Zdradzamy kulisy pewnej akcji... Tego nie zobaczysz w TV!
Szybkim krokiem przemierzał hotelowy korytarz. Nerwowo rozglądał się, mimo iż był pewien, że nikt go nie śledzi. Nie, był zbyt wysoko postawioną osobą, by się obawiać.
Podszedł do drzwi, zapukał – trzy krótkie, trzy długie. Po cichym „proszę” wszedł do środka.
Na stoliku prawie natychmiast pojawiły się drinki. Dwaj panowie rozsiedli się wygodnie w miękkich fotelach.
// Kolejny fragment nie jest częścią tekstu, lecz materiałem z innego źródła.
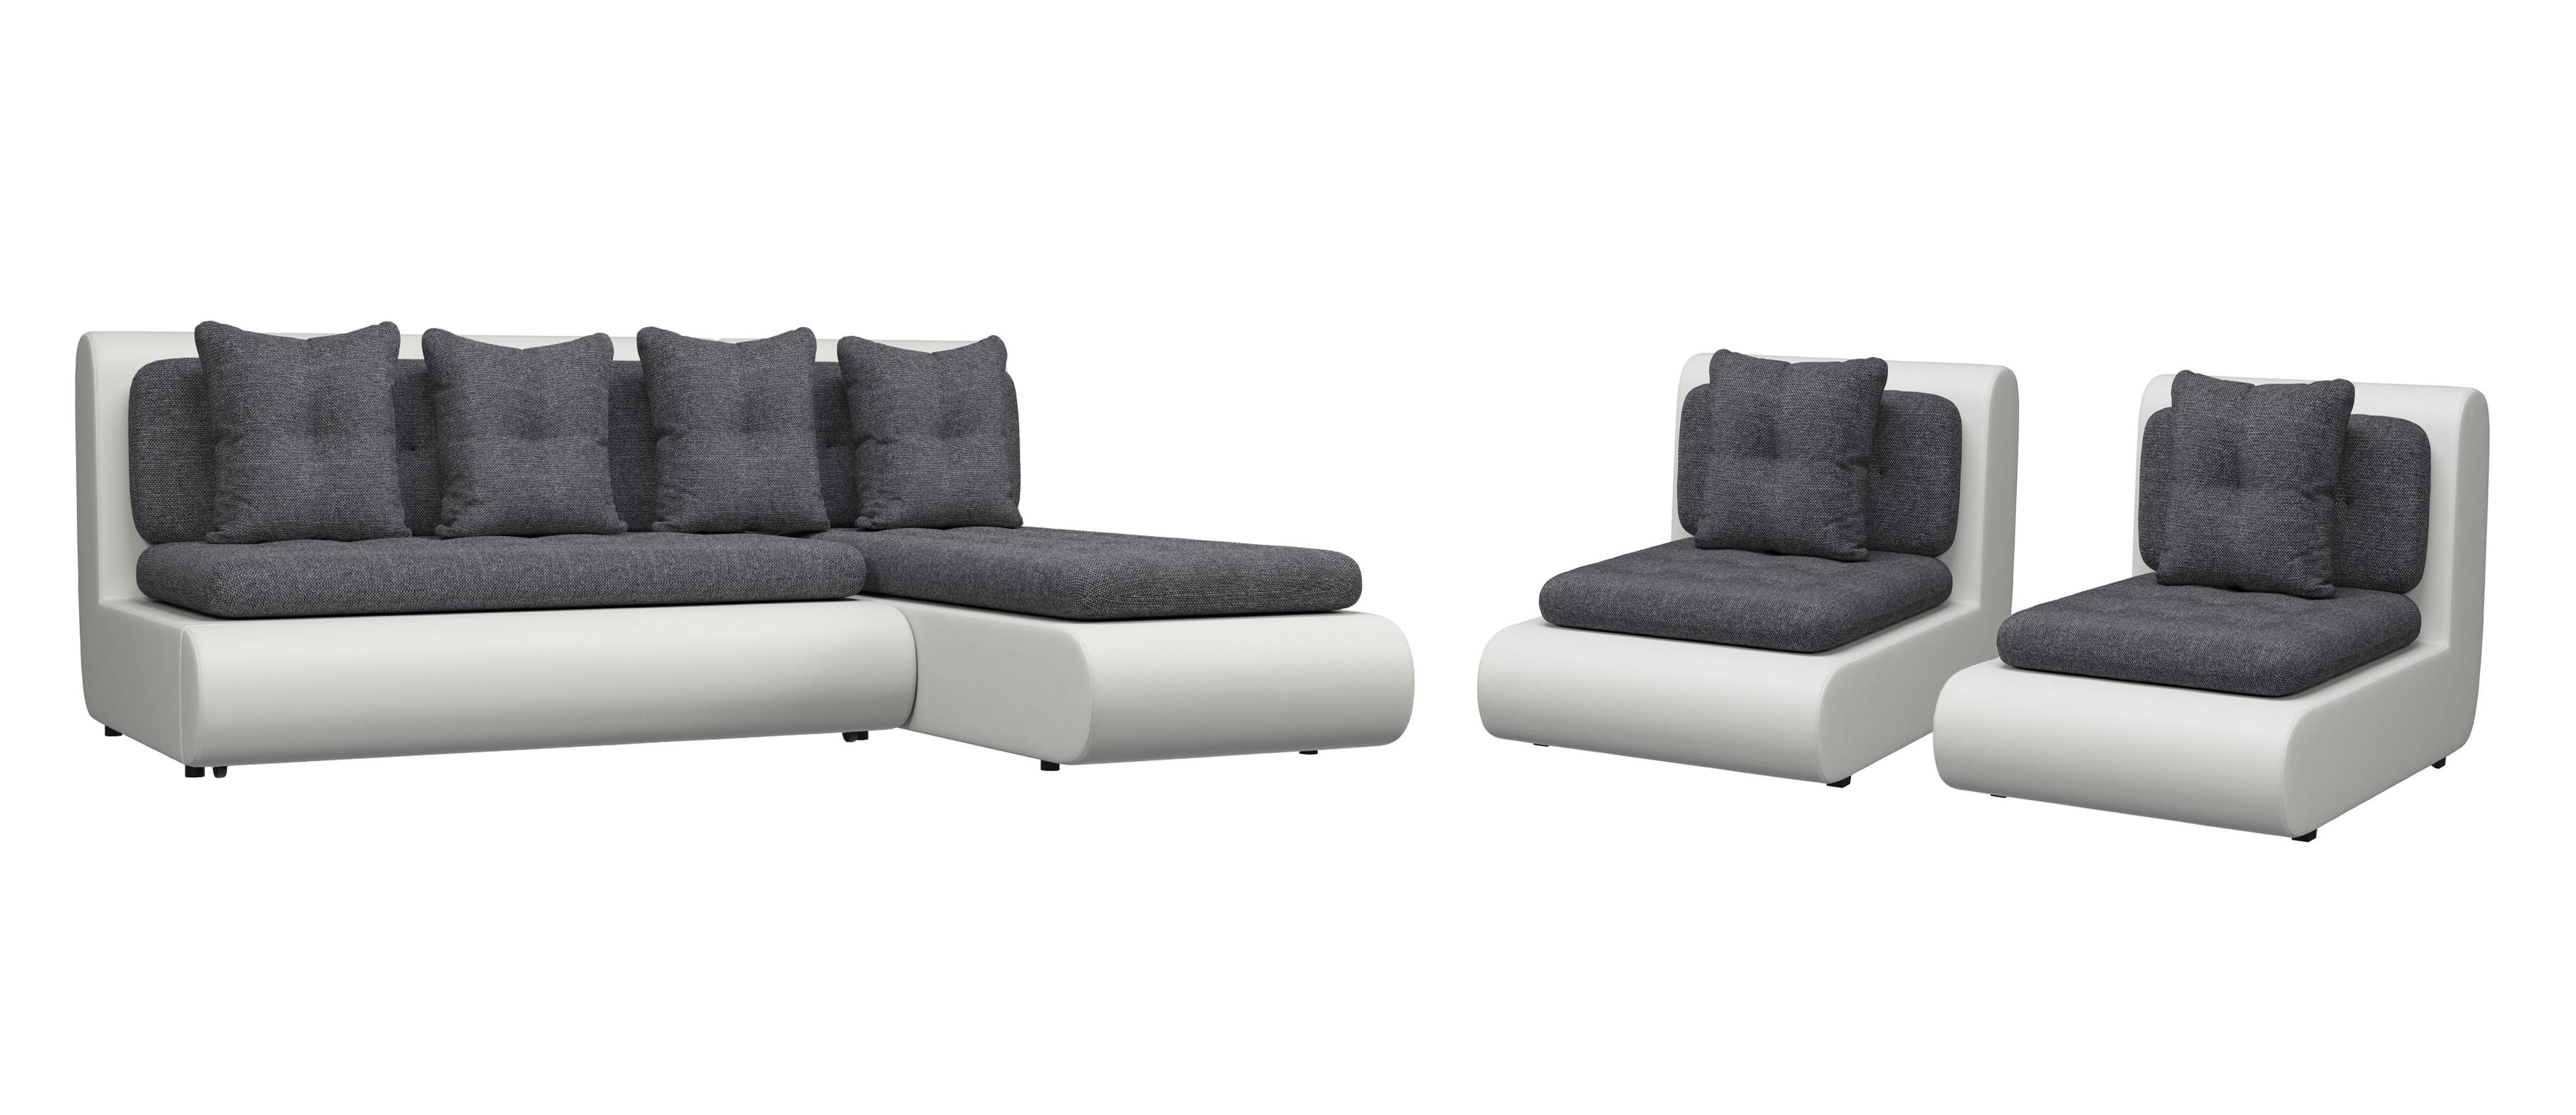 Комплект мягкой мебели Кормак eglo 90626

- I co u ciebie? Ponoć bawicie się w podsłuchiwanie?
- Taa… - uśmiechnął się wysoki, barczysty mężczyzna. – Ale nie martw się, jestem zbyt ważny, by mnie kontrolowano.
- I stąd to spotkanie w hotelu?
- Dodatkowa ostrożność nigdy nie zawadzi, tu nas nie znajdą.
- I tu się kur*a mylisz – brunet w czarnym garniturze, siedzący wraz z kolegą w busie przy hotelu, na chwilę oderwał słuchawkę od ucha.
Dobra, dobra. Chwila. Chcesz sobie skomentować lub ocenić komentujących?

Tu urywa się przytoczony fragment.